Still, perhaps all hope is not lost. There are ways to keep that relationship going and save subscribers before they leave your list. That’s where your company’s Unsubscribe page comes in. It’s your last chance to convince contacts to change their minds about opting out of emails. And even if they ultimately choose to opt out, you can still find out where things went wrong.
Let’s talk through why every email marketing program needs an unsubscribe page, our tips for what makes an unsubscribe page effective, and how it can help you convince at least some of those people to stick around.
To comply with regulations like CAN-SPAM, GDPR, and CCPA, your subscribers must have a clear, easy way to remove and change their data from your list. For most email marketers, that’s an easy to find unsubscribe link in the footer of every email. When a subscriber clicks that link, they’ll and on your unsubscribe page.
These landing pages usually have simple, streamlined designs and are often hosted by your ESP rather than on your website proper. Unsubscribe pages may be wrapped in larger email preference centers where subscribers can pick and choose which emails they would like to subscribe to. (We’ll talk more about email preference centers later on.)
Most of the time, though, when a subscriber clicks “unsubscribe” at the bottom of your email, the page looks like this:
There’s nothing wrong with doing it this way, but it could be a huge missed opportunity. That’s because the unsubscribe page is your last chance to ask, “Are you sure you want to unsubscribe?”
Why you shouldn’t sweat the unsubscribes too much
Remember: If someone wants to unsubscribe from your list, let them go. It’s totally normal for subscribers to come and go—so be sure to honor their request asap when they confirm their choice.
In fact while it can be tough to lose subscribers, there are a few silver linings to keep in mind:
- An unsubscribe isn’t going to hurt your deliverability as long as you stop emailing them right away. (Thank goodness they’re not marking you as spam!)

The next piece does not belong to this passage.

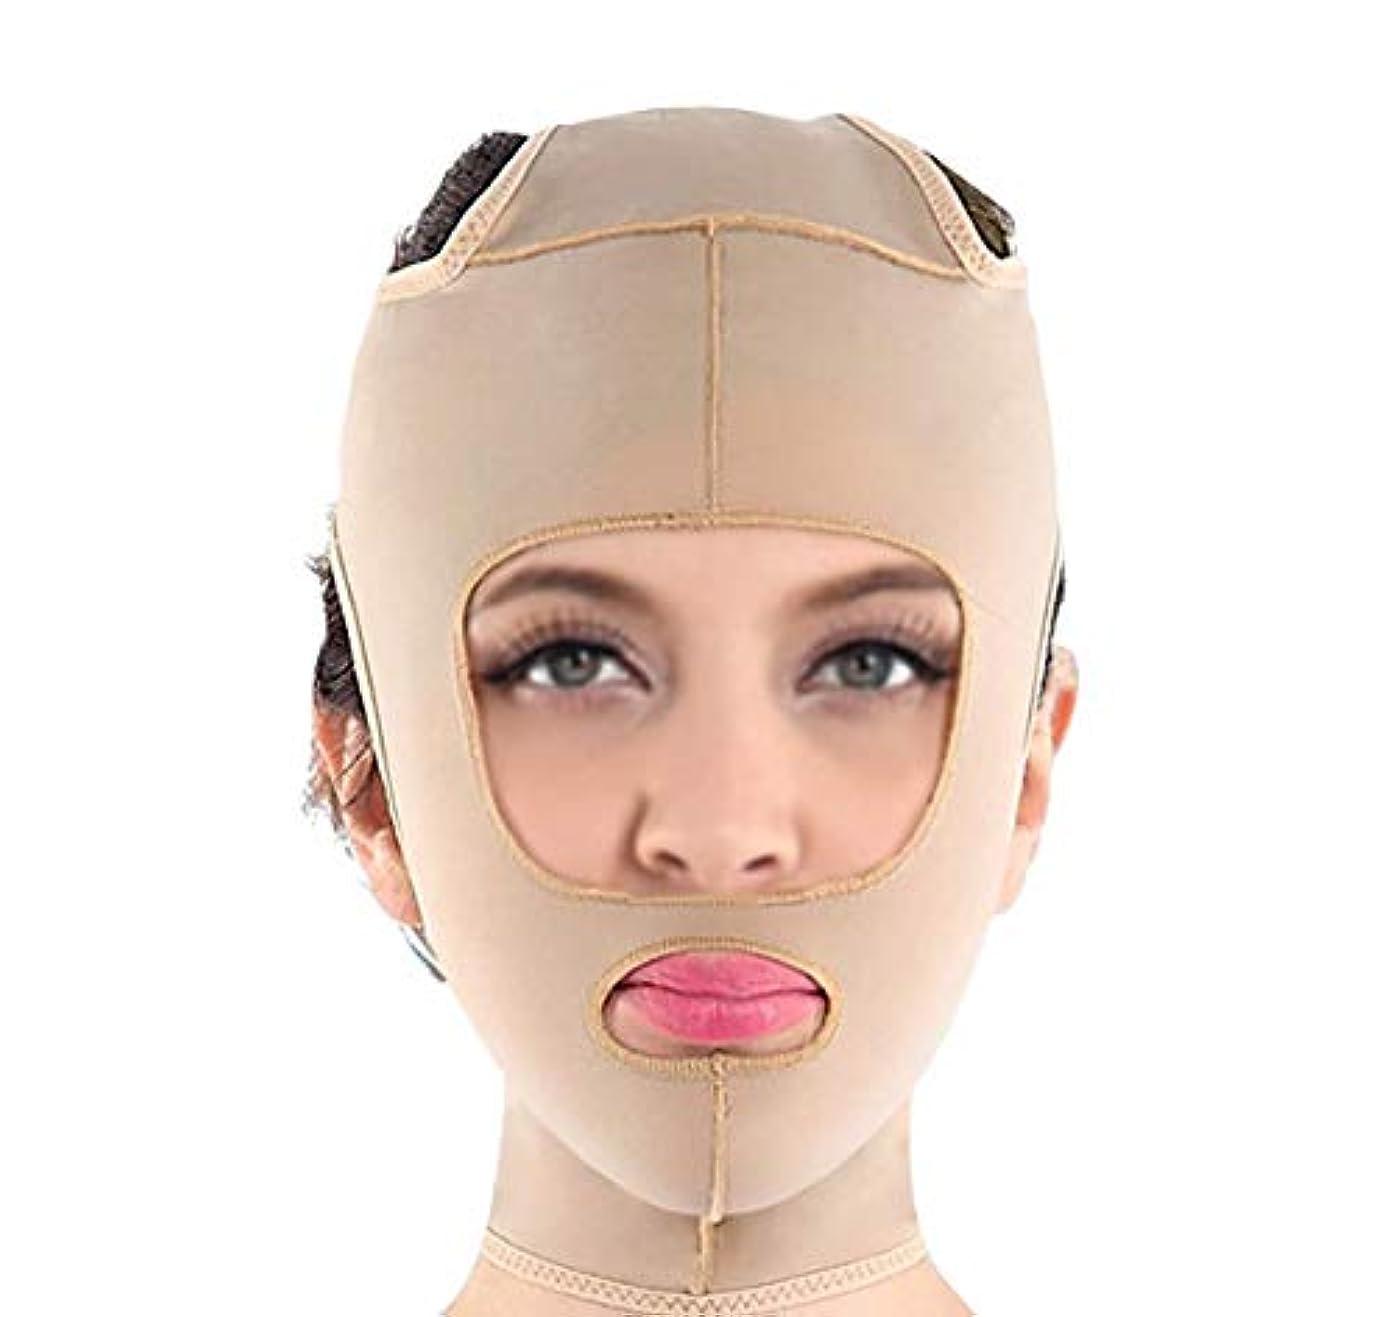 糸聡明自体フェイスリフティングマスクで肌をよりしっかりと保ち、V字型の顔を形作り、超薄型の通気性、調節可能で快適な着用感(サイズ:Xl),M

- When unengaged subscribers leave your email list, they’re doing your regular email list hygiene for you, so you don’t have to purge them later. Better engagement rates beat a huge list of inactive subscribers.
- Clicking unsubscribe isn’t actually the end. That’s left for the unsubscribe page—your last-ditch effort to save your relationship.
You might be thinking: “Well, if they don’t want to stick around, why bother making a landing page at all?”
Someone may not want to get your emails right now because they’re changing industries, purchased an item as a gift, or are simply doing some spring cleaning on their inboxes. And they may unsubscribe from emails but still follow your brand on social media or engage with you in other ways.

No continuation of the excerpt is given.